こうして、新たにゴッド・ウィングを探し求める者達の中に、エリー達空賊の一味が加わることとなる。







一方、レース地であるイリオン島へ出立する為、ハル、ゾイ、ラビの三人の愛機が慎重に飛行船内に積み込まれているところであった。


整備チームの三人も、入念に確認しておいた整備道具やさまざまな部品の積み込みを済ませ、ようやく一段落といったところだ。


「いよいよ出発だね」


フランは今から乗船する大きな客船用の飛行船を見上げた。


「なんだか、ドキドキしちゃうね。イリオン島ってどんなところなんだろう」


ハルも小さなリュックを背負いながら、フランの隣に立って同じように見上げる。


そして数ヶ月前、この王立ヘルシオン操縦士学校に初めて訪れたときも、今と同じような不思議な気分だったことを思い出し、少し懐かしくなるのだった。


応援の為に共にイリオン島へ出立する他の学校生達も、続々と飛行船に乗り込んでいっている。


中には、既に別の島から搭乗していた保護者と合流している学校生もちらほら見られる。


「皆のご両親は観に来るの?」


フランの質問に、ハルとゾイ以外の者は全員が大きく頷いた。


「僕の父は、ヘルシオン王国の警備を任されていて、今回のレースには来ないよ。航空学校対抗とは言え、五カ国の政治状勢に大きく関わるレースだ。国王が城を留守にする訳だから、空軍関係者の代表としては、呑気にイリオン島などへ行ってはいられないらしい。


ゾイの父親は、ヘルシオン王国の空軍大将を務める人物だというから、きっと大変な立場なのだろう。


「フラン、君の父上は国から招待を受けているのでは?」


「あ、えっと、うん。なんかそうみたいです」


ゾイにそう振られて、フランは慌てて首を縦に振った。


フランの父親は浮遊石の開発に貢献している、世界的に有名な科学者だ。


だが、それを知る者は少なく、ここにいるゾイとハル以外はなぜフランの父親が国の招待を受けているのかが分からない、というような顔で、じっとフランを見つめている。


「整備班の皆は知らなかったかもしれないけど、フランのお父さんはすっごいんだよ! あの世界のギー・ベル博士なんだって!!」


ハルが、まるで自分の身内を自慢するかのように、にこにこと整備班の三人に話して聞かせる。


「なんだって!? あの有名な!!??」


三人が驚いて目を丸くする。


トニーに限っては、なんだかその事実を知ってやけに納得がいった。


いつも自身の無い様子のフランだが、科学的な知識は半端ないものだった。


それは、きっと父親の血を受け継いでいるからに違いない。



「ラビ先輩のご両親は?」


いたたまれなくなって、フランはラビに会話を振ることにした。


「うちは代々操縦士の家系だ。おそらくは、一家親戚総出でレース観戦にイリオン島へ向かっているだろう。」


エフェクト家と言えば、操縦技術の巧みな操縦士を幾人ともこの世界に送り出してきた、名のある家系であった。

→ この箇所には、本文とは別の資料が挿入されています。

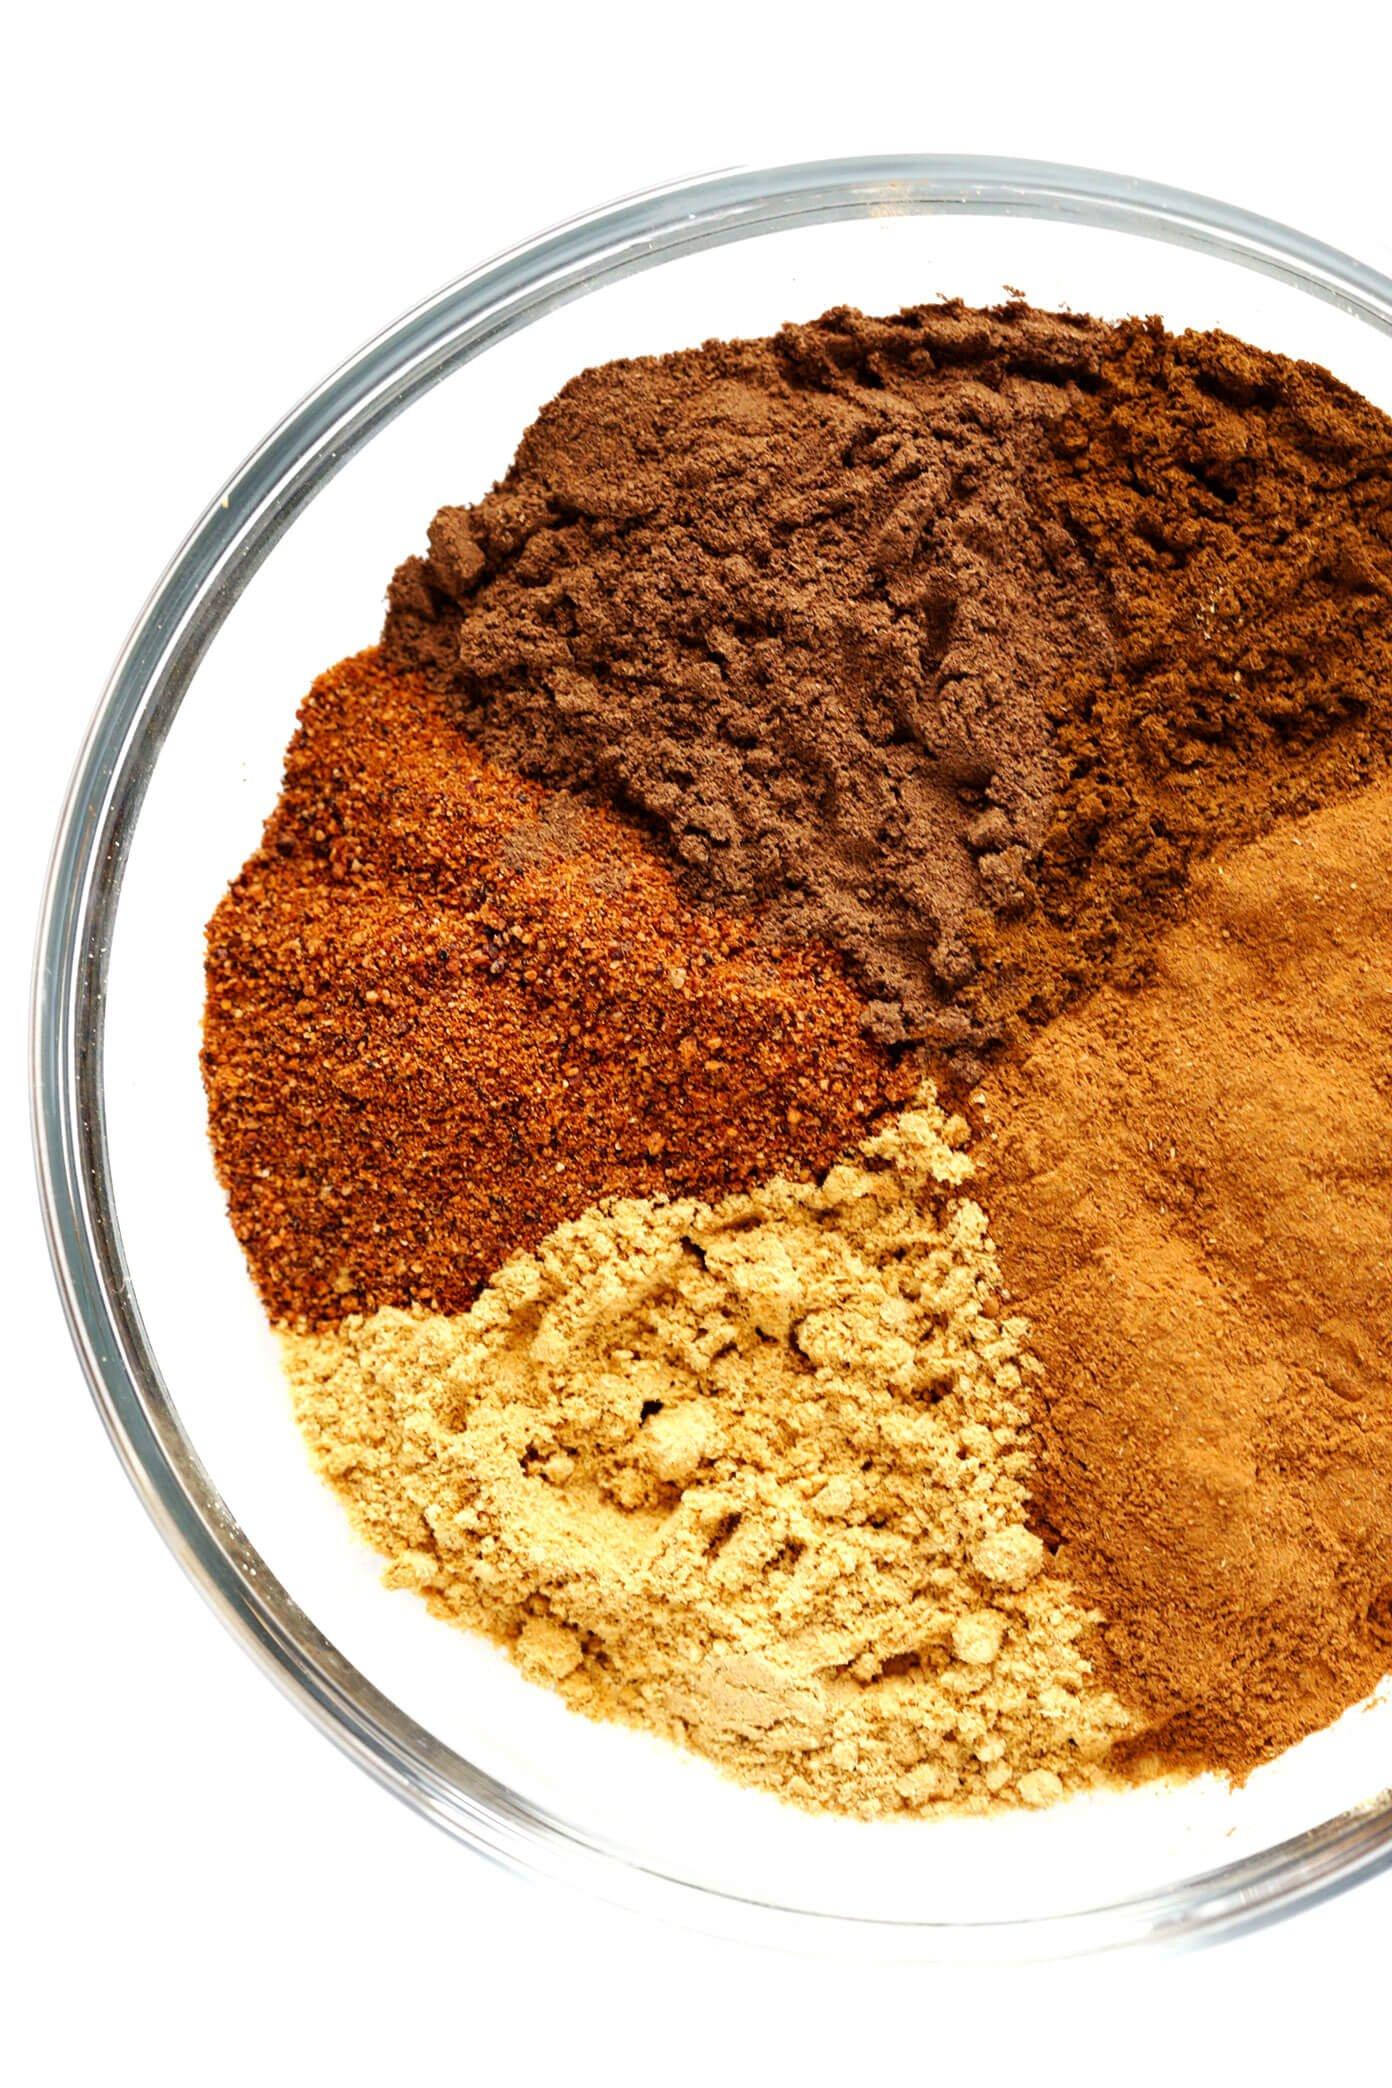 Pumpkin Pie Spice Recipe Ingredients -- Cinnamon, Ginger, Nutmeg, Allspice and Cloves

「皆すごいな……。恥ずかしいけれど、僕の父はただの外交官だ……。操縦技術や機械技術なんかはさっぱりな人で、操縦士とは無縁な家柄なんだけれど。けれど、ひょっとするとレース会場を仕事ついでにどこかで覗いて帰るかもしれない? いや、無いか、あの父親は……」


ぶつぶつと、なにやら呟くトニー・ハンスキーに、双子が顔を見合わせ肩を竦ませた。


「恥ずかしい? 外交官なんてすごい人じゃねえか!」


「だよな! うちは皆に比べりゃ平凡な方だぜ、なあニコ?」


二人が頷きながらにかっと笑い合う。


「君達のご両親だって立派な方達じゃないか。ホールディング・コーポレーションの金属製品と言えば、世界の五本指に入る程だ。君のご両親の努力の上に、現在のモーターバード技術が成り立っていると言って過言ではないだろう?」


双子は、照れくさそうに頭を掻くと、


「まあな」


っと、笑い合った。


「で、お前んとこの両親は今回のレース観に来んのかよ? ハル」


「僕んとこは親もいないし、じーちゃんも死んじゃったからレースには誰も来ない。でも、じーちゃんはきっとどっかから観ててくれる気がするんだ!」


ハルが天涯孤独の身だと知る由も無かったニコとマルコは、良からぬことを訊いてしまったとばかりに、しゅんと肩を落とす。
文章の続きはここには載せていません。